The ICE has said previously that there are significant implications for the delivery of important infrastructure that sits between the national and very local level - to put it simply, with the focus on the small-scale, what happens to projects that straddle or encompass two or more administrative boundaries? With the move to devolving power to small councils and local businesses, there are concerns that projects necessary for larger groups of people than local communities, could fall foul of the new regulations.
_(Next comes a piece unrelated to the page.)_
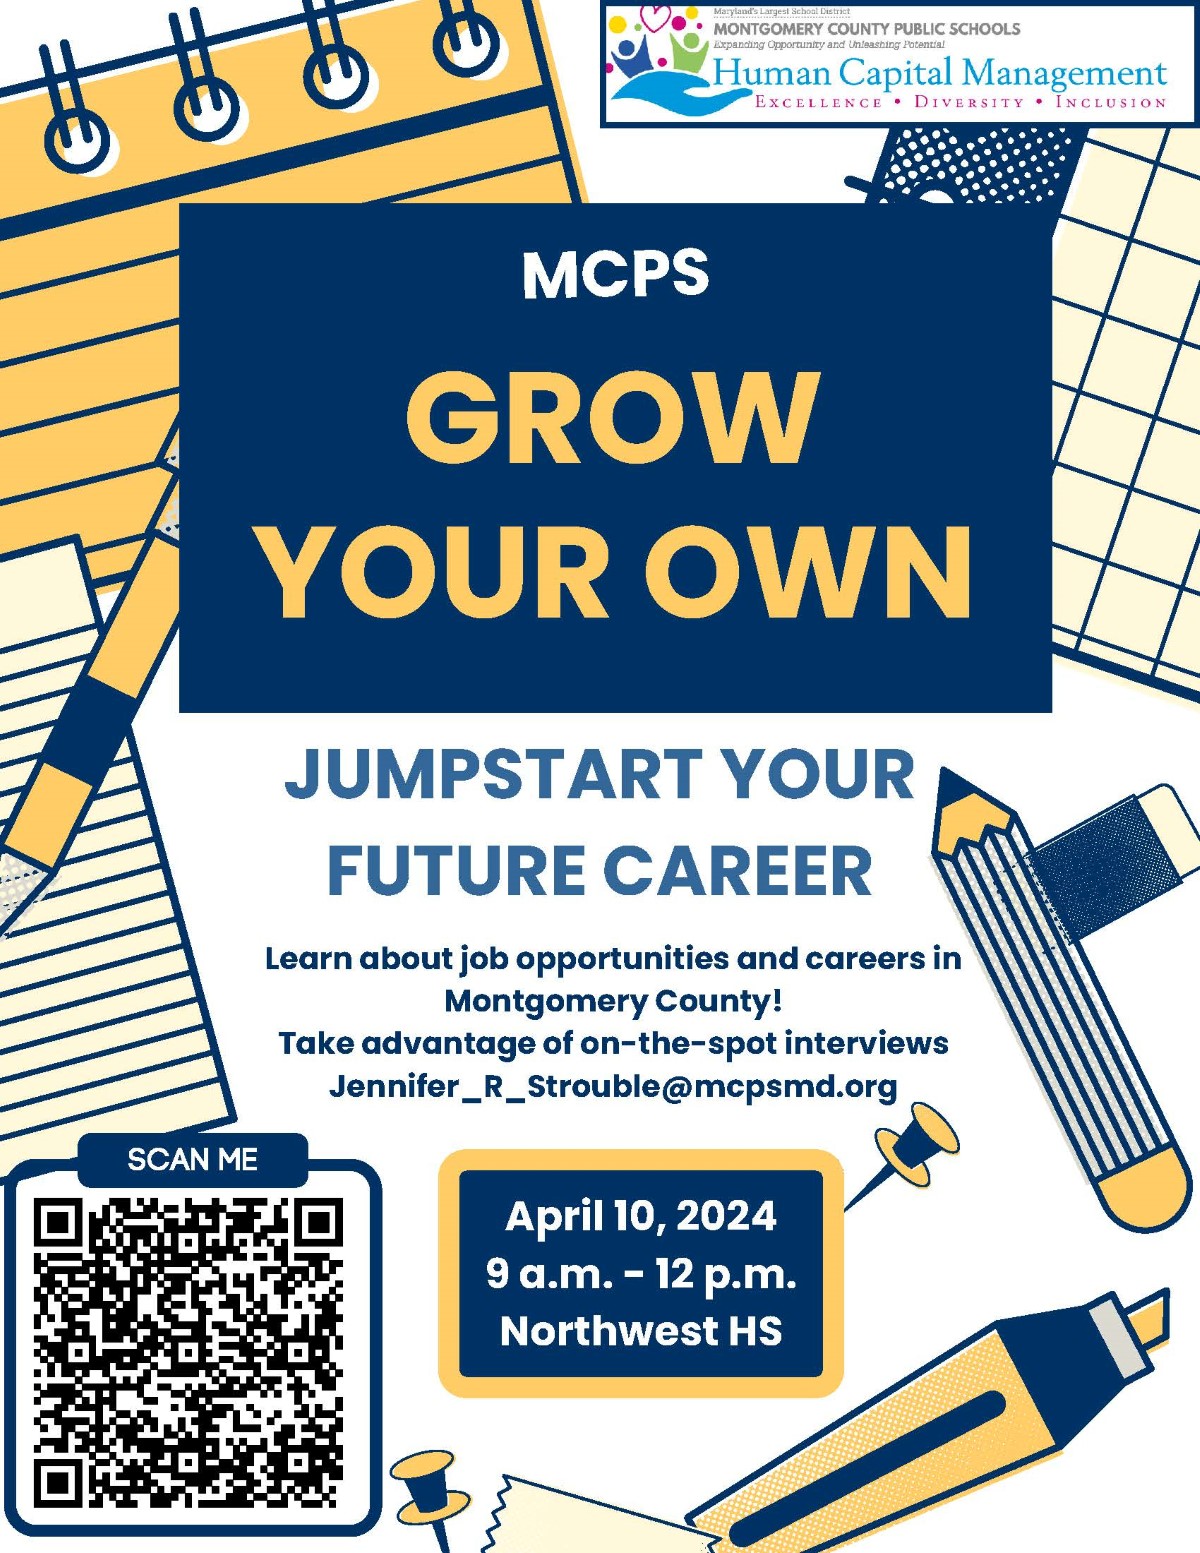 MCPS GYO Out of school Time Job Fair Flyer 041024 (2).jpg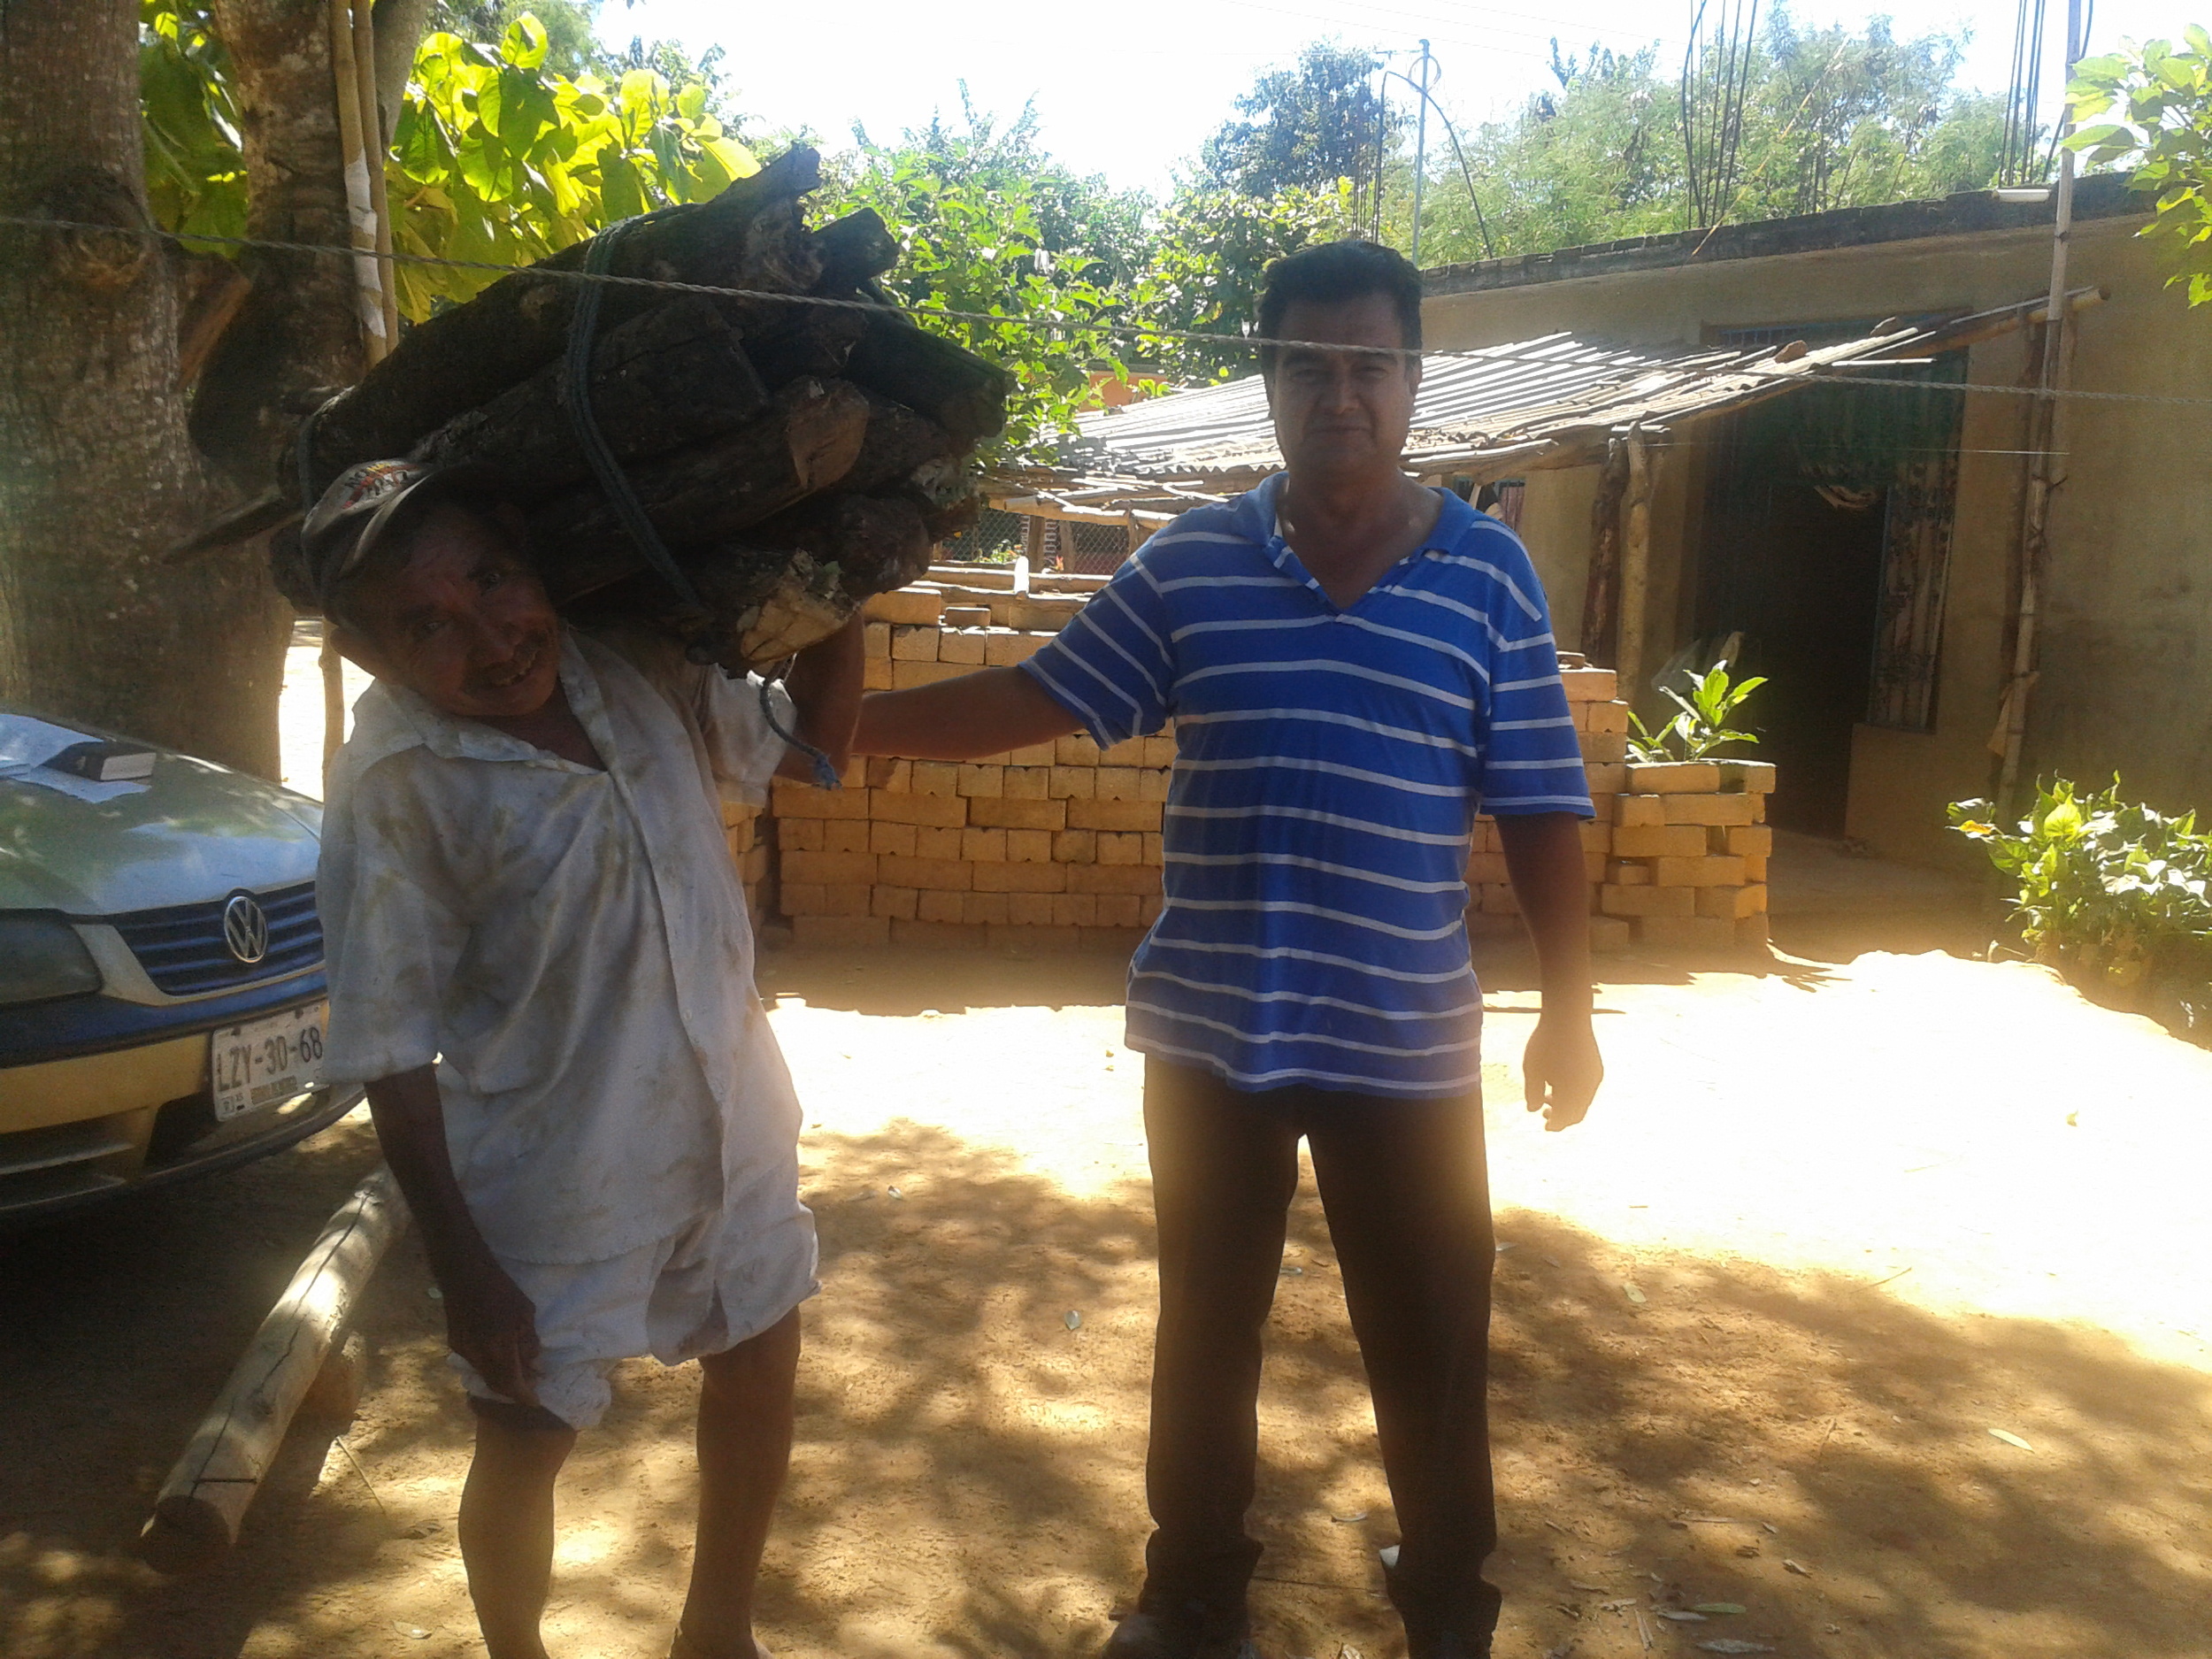  The pastor, in traditional Mixtec breeches and shirt, with Norberto, carrying firewood for cooking fires

Chair of the ICE’s localism panel Geoff French says that while ICE recognises the need to devolve power, it remains concerned about certain aspects of the new approach.
Over the last six months, the ICE has campaigned for a duty to cooperate, which is intended to facilitate cooperation between planning authorities on infrastructure of strategic importance, to be strengthened and clarified.
Recent amendments made to the Localism Bill report stage addressed this, but French notes that it remains to be seen how it will play out in reality.
The ICE is also concerned about the introduction of local referendums, he says. “If organised community groups are able to oppose developments even before planning proposals have been made, this could pose questions for infrastructure development.” French adds that leveraging funding is always difficult, whatever system is in place.
“My view is that the public and private sectors are considerably closer under the LEPs than they were under the RDAs. This must improve the engagement with private investors.”
This time last year, now-deputy director for growth and infrastructure at Oxfordshire County Council Martin Tugwell was hopeful such radical changes could work.
“It seems like the right time to do this. If you give local councils the opportunity to make decisions, providing the information, the technical expertise and a framework is there, they’ll do it. It’s not going to make decision-making any easier, but is that such a bad thing?”
“If organised community groups can oppose development, this could pose questions for infrastructure”
Geoff French, ICE Localism Panel
Peter Brett Associates partner and regional investment expert Scott Witchalls thinks that the key challenge will be to understand and agree priorities for investment across the region.
“There will naturally be a lack of willingness to support a project if it might prejudice another bid for a project of more interest to them. However, this was always the case.
“The only real difference is that when funds are even more scarce, unequivocal support is much harder to gain. I’m convinced that those who approached the delivery of projects effectively before, will still be able to gain support and funding for projects.”
With the advent of the localism agenda, regional government is entering a period of unprecedented change. It is up to those on the front line at the regional level to ensure that questions are asked, and answers found.